Eight years old is probably when I was sure I wanted to be an actor. I was born in Tokyo and started modeling there when I was six months old. We moved to Singapore when I was three. In kindergarten one of my friends was in an advertisement on a bus and I thought that was cool, so I asked my mother if I could model again. My first job was doing an animated video. I loved doing it and loved being on set. Soon, I started doing short films. Many of those were for NYU Tisch Film School in Singapore. When I came to the United States the summer I turned seven, I got an audition for a movie and the casting director called an agent who signed me. By the time I was eight, I had filmed my first feature and knew that acting was something I definitely wanted to keep doing. I am so lucky that I have been able to keep working in this industry!

What is the hardest and easiest part of being a child actor?

I think there are the same challenges being an actor at any age. It is always difficult walking into an audition and making sure your performance is steady and that you are doing your very best. Creating the character is probably the most challenging part about being an actor. This is true whether it is for a film you are doing or for an audition. I am lucky that memorizing lines is easy for me. After that, I work on developing the character. Once I have connected with the character I often stay in it, even when I come home.

As for being a child actor, one of the differences is that you have to do three hours of school on set during the school year and at my age you can only work nine and a half hours a day, so that just leaves six and a half of filming. I am sure a lot of the grownup actors wouldn't mind just working that amount! Also, cast and crew are often nice to child actors just because they are children. I also know that the directors are sometimes under pressure, because they have to shoot us out in a certain amount of time, so we need to be extra sure we are prepared and ready to go. Overall, it is a great job and I love doing it.

Julian Feder
Julian Feder

How did you prepare for the responsibilities of your latest film role in "A Boy Named Po?"

"A Boy Called Po" is about a single dad raising a child with autism. I play Po, who has autism and whose mother just passed away. He and his father (played by the amazing Christopher Gorham) struggle with the loss of his mother. In order to prepare for the part, I met a lot of children on the autism spectrum. I have good friends with autism, but wanted to meet all different types of people. I also watched a lot of documentaries about autism. It is such a wide spectrum and each person is so unique that it was important to give Po his individual personality. I worked closely with the director, John Asher, who has a child on the spectrum to develop the character of Po. We worked on specific mannerisms for when I was happy, sad, or nervous. John would come to my house and we would play board games or Lego and I would have to stay in character the entire time which kept me consistent when we were filming. It is a really important movie about acceptance, awareness and against bullying.

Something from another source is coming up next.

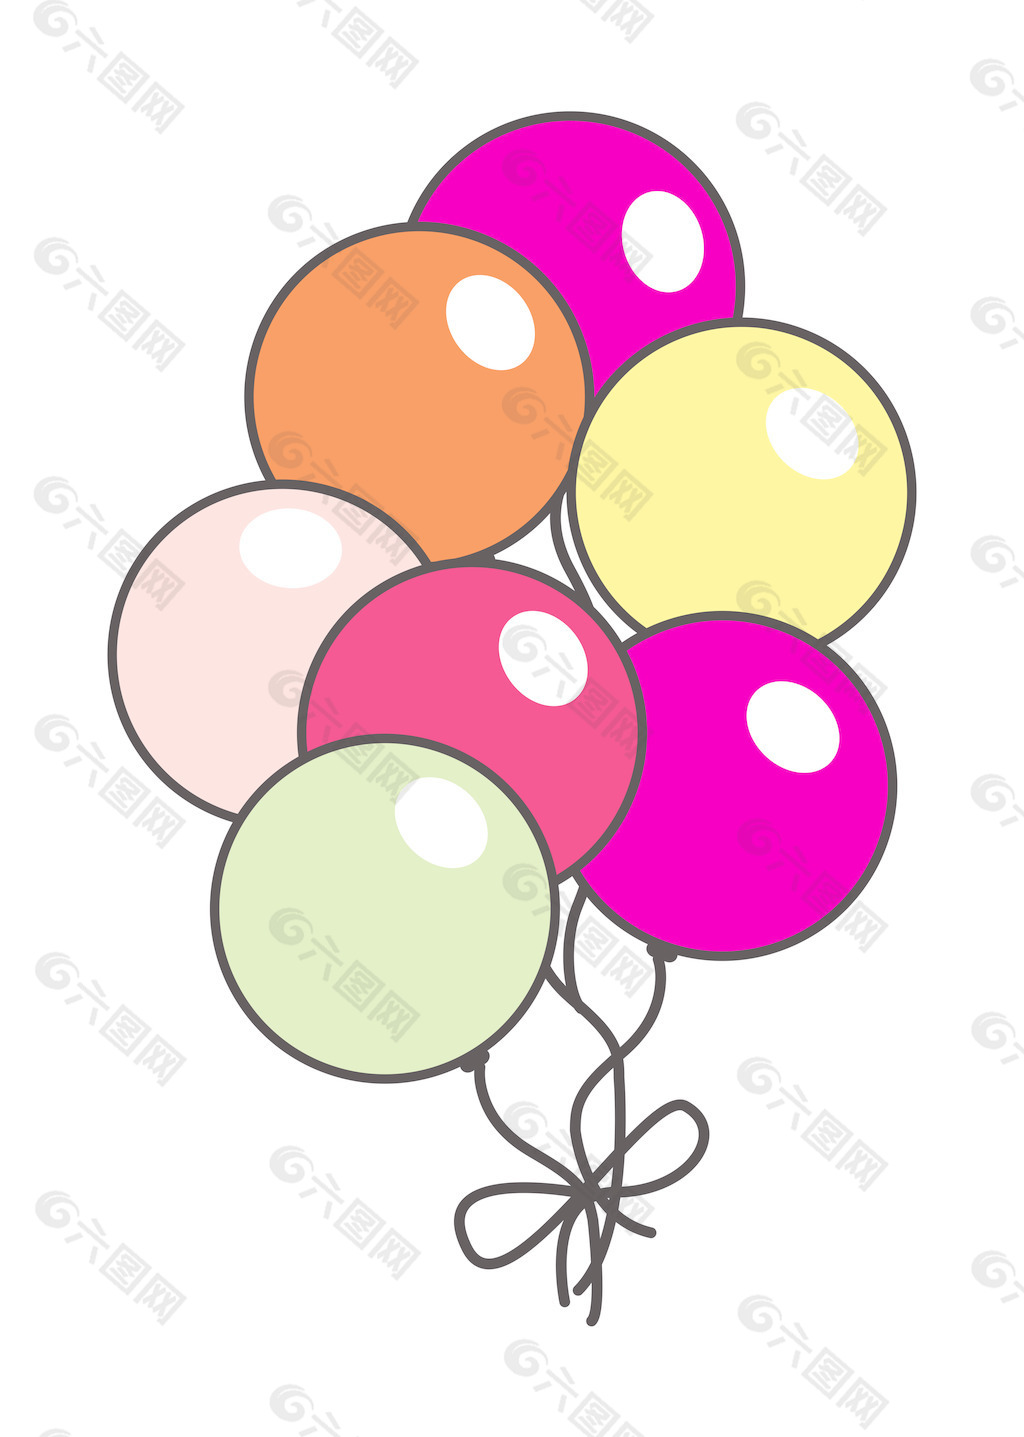 老式的彩色气球束矢量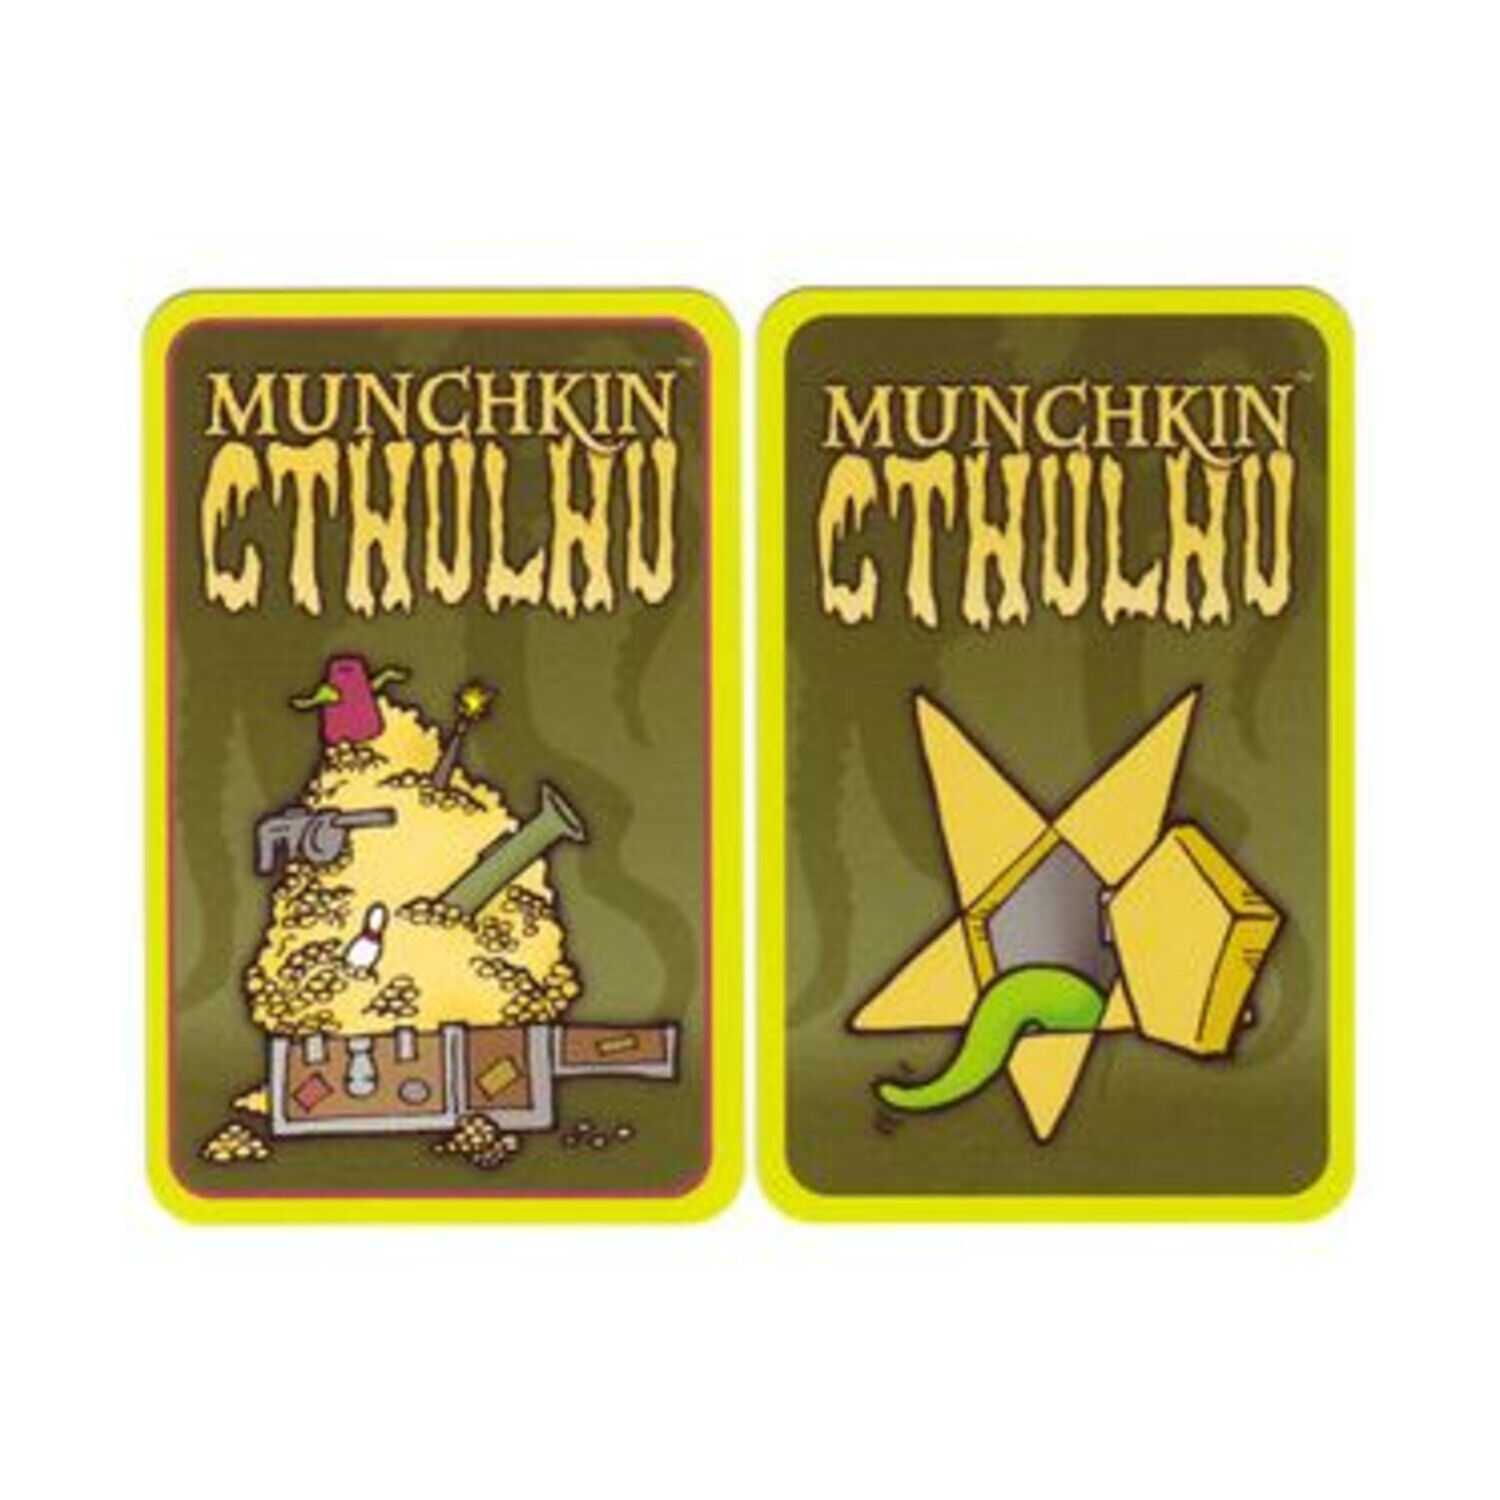 SJG Munchkin Munchkin Cthulhu Blank Cards New

What other projects do you have in the pipeline?

I just finished filming a comedy called "I Hate Kids" with Tom Everett Scott and Tituss Burgess. The film is about a lifelong bachelor, Nick Pearson (Scott), who has written a book called I Hate Kids. He is getting married and at his rehearsal dinner a boy, Mason (my character), appears and claims to be his son. How does he know? A psychic, The Amazing Fabular (Burgess), told him. It's a hysterical road trip comedy, as

the three very different characters embark on a journey to find Mason's mother. There are so many great actors and actresses in the movie and it's really funny!

Where do you hope to be ten years from now? 

I hope to be working steadily as an actor. I love creating new characters and being able to explore personalities of totally different people. Every time I act, I get to become someone else and live their life. It's the coolest thing in the world!